129 points by J253 5 years ago

sndean 5 years ago

> The small spikes at 5 yard increments is interesting and I don't really have a good explanation other than to think that whoever recorded the yardage data liked rounding to the nearest 5 if it was close. Anyone else have any other ideas?

I'll go with the idea that the refs are biased with their ball placement and tend to put the ball on lines [0]. Also, players/teams practice, speak, think in 5 yard increments, so that's got to bias things a bit. "We've got to get to the 35 yard line for Morten to have a chance."

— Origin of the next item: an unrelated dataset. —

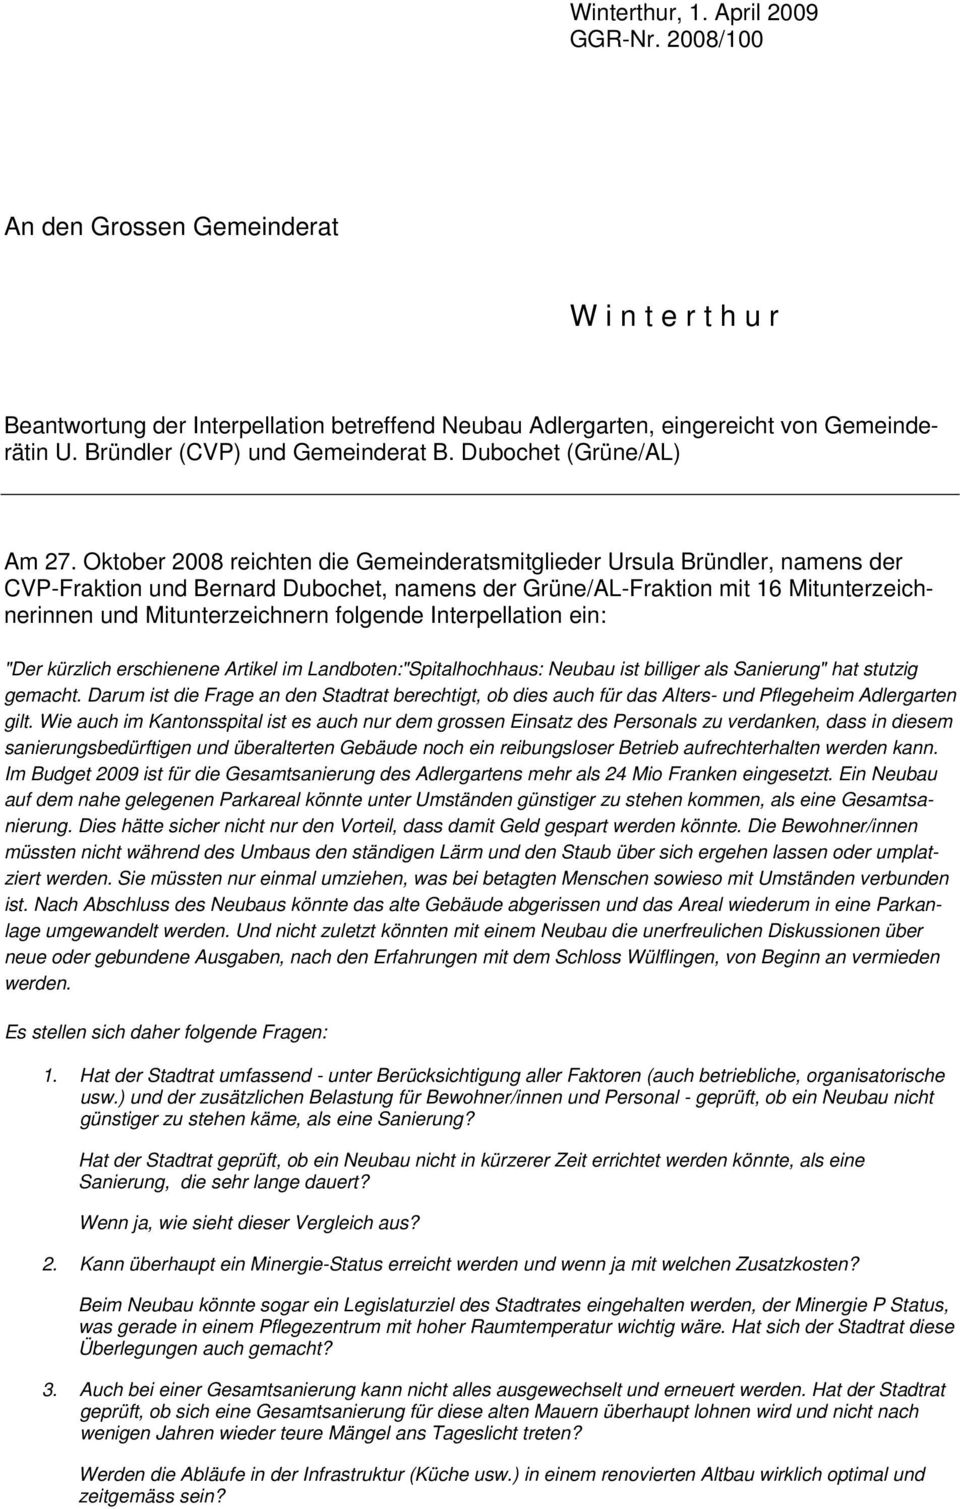 Oktober 2008 reichten die Gemeinderatsmitglieder Ursula Bründler, namens der CVP-Fraktion und Bernard Dubochet, namens der Grüne/AL-Fraktion mit 16 Mitunterzeichnerinnen und Mitunterzeichnern
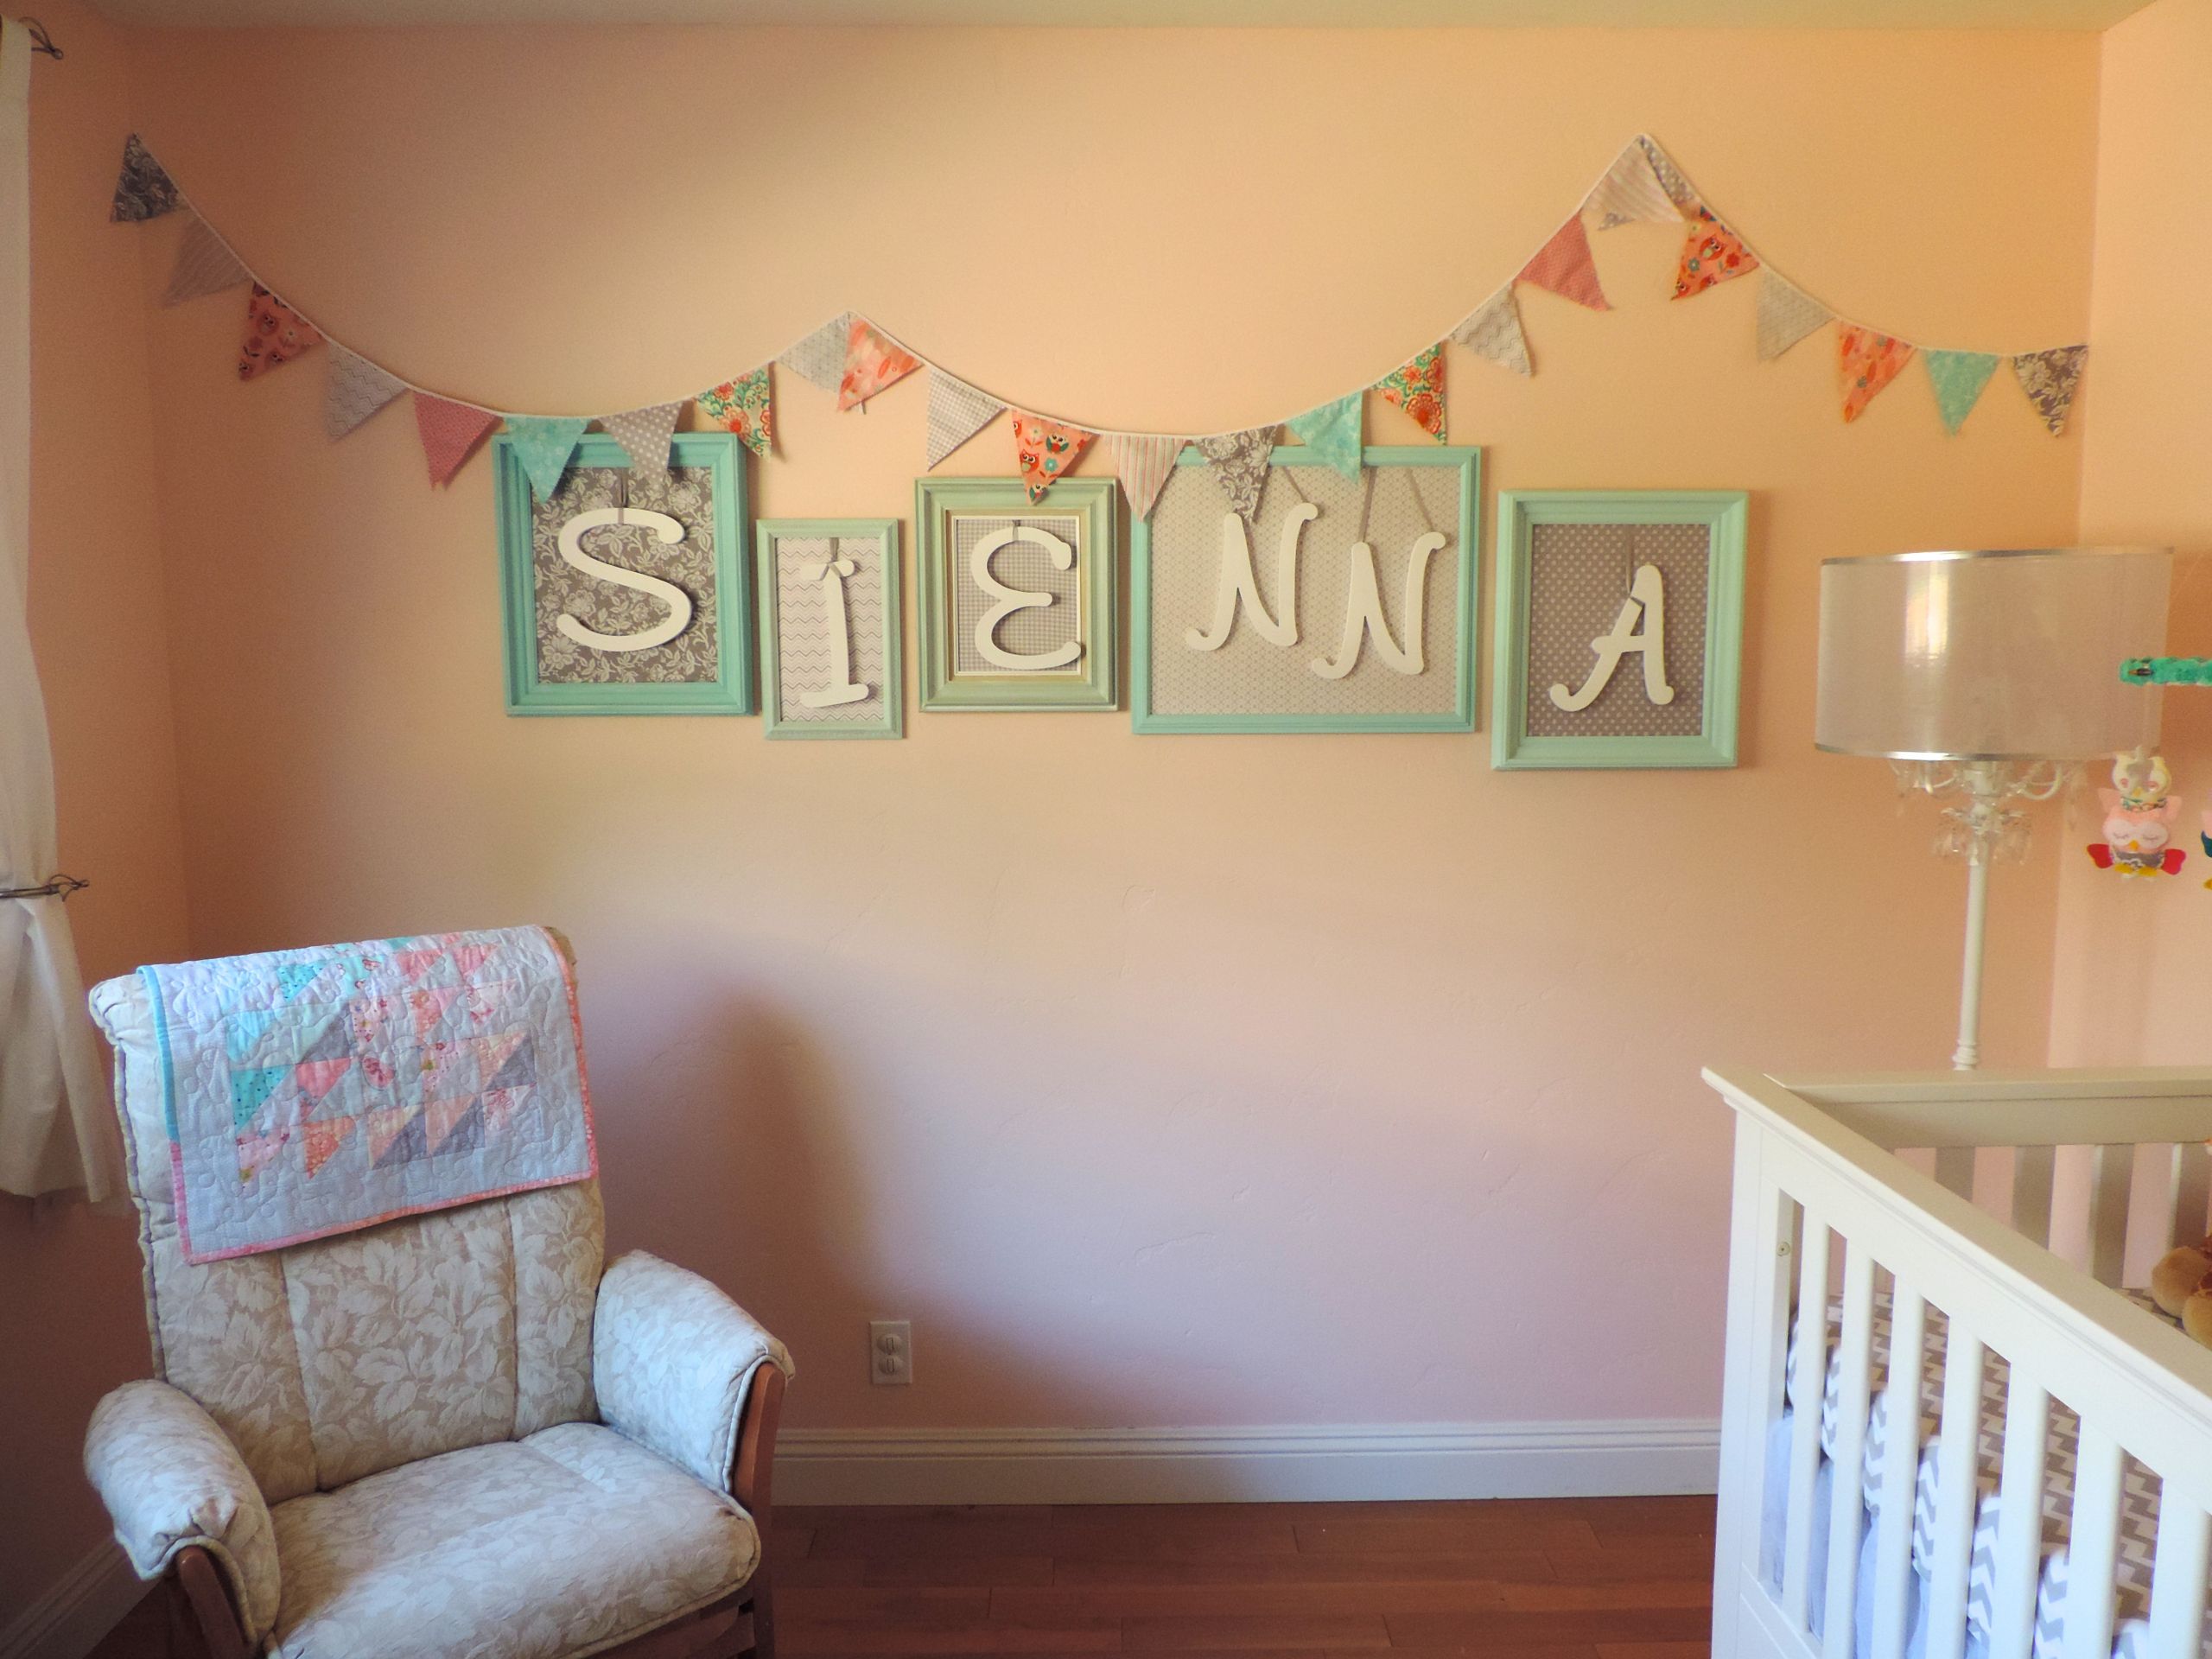 DIY Baby Girl Room Decor
 Our Baby Sienna s DIY Nursery Project Nursery

[0] https://gutterstats.wordpress.com/2015/11/03/are-nfl-officia...

slg 5 years ago

There are multiple other factors involved that aren't discussed fully in that article.
To start the ref bias is not necessarily unintentional. Measuring first downs and exact placement of the line of scrimmage becomes more difficult and takes more time when the ball is not initially spotted on an 5 yard increment or individual hash mark. The league offices might directly instruct refs to spot the ball on an exact yard line if there is any doubt of the spot in order to speed up the game. An obvious example of this intentional bias is when the ball is punted out of bounds. It is nearly impossible for a ref to get an exact spot in that situation and yet it is almost always spotted exactly on a hash mark.
Also lots of drives will start on a set yard line and penalties are often handed out in 5 yard increments. So while there are no rules that will start a drive on the 15, there are rules that will start a drive on the 20 or 25 and a standard 5 or 10 yard penalty would place the ball exactly at the 15 yard line.
Lastly, the spot is a continuous data point that is being recorded by humans as a discrete data point. That means the herding could be exaggerated in the recorded data and not necessarily as pronounced during the actual game. A ball might be spotted by the ref at 14.4 yards but the person responsible for data entry might eye the spot and record it as being at the 15 yard line.
swasheck 5 years ago

I've often wondered if there was a way to detect bias in officiating. Naturally there's going to be subjective element to the types of penalties called, but I also have wondered if there was a way to detect bias in the situations in which penalties are called and how they affect the probability of victory.
Additionally, with the whole Tim Donaghy [0] NBA thing, I have always been curious if there was a way to detect referee influence on the outcomes of games based on the line. There certainly times when Vegas loses (a few weeks ago was particularly bad for them), but it would be interesting to see if there was a way to detect probabilities of officials, coaches, or even players deciding the outcome of matches beyond the course of the endeavor.
But really, it'd be fun to have statistical backing to confirm or refute the whole "College Football has a pro-East Coast bias" or "this referee always gives fouls to the European soccer sides", or "the Patriots _always_ get those calls because ... Tom Brady."
[0] https://en.wikipedia.org/wiki/2007_NBA_betting_scandal
endorphone 5 years ago

While I have no explanation for the clustering, a yard is a long, long measure in football, with a dozen 4K cameras and a lot of very vested interests. Occasionally spots seem generous or not, but that's to the measure of a couple of inches (e.g. he went down 4" short of the first down). As a long time fan it just doesn't seem reasonable to me that the ref opts for the 40 yard line instead of the 39 because there's a line. That's a 3 foot difference. To further support this, the bordering two yard counts do not depress the amount of the excess on the 5 yard marker.
Not to mention that where the refs place the ball -- near the center of the field, usually on the left or right side depending upon where the play ended -- has a line on every yard marker.
But again I have no explanation. We know that touchbacks start on the 20 or 25 yard line, and penalties are increments of 5 yards (e.g. face mask would be 15 yards, holding 10 yards, false start 5 yards, encroachment 5 yards, etc...and these can pile, kickoff out of the last five yards starts at the 40 yard line, etc), and to some degree this explains the 5 yard excess.
forapurpose 5 years ago

It also could be bias in the person recording the data, who may unconsciously prefer rounding placements between the 4 and 6 yard lines to 5.
J253 5 years ago

Thanks for the link! That's a great resource and write up about the statistical heaping effect. I'll include that in a post update.
dyim 5 years ago

ha! that's funny. "We've got to get to the 35 yard line, so Morten can kick a 53-yarder, so we can have a chance."

dbt00 5 years ago

As someone who's done a lot of numerical analysis and watches a lot of football, the analysis here is pretty rudimentary.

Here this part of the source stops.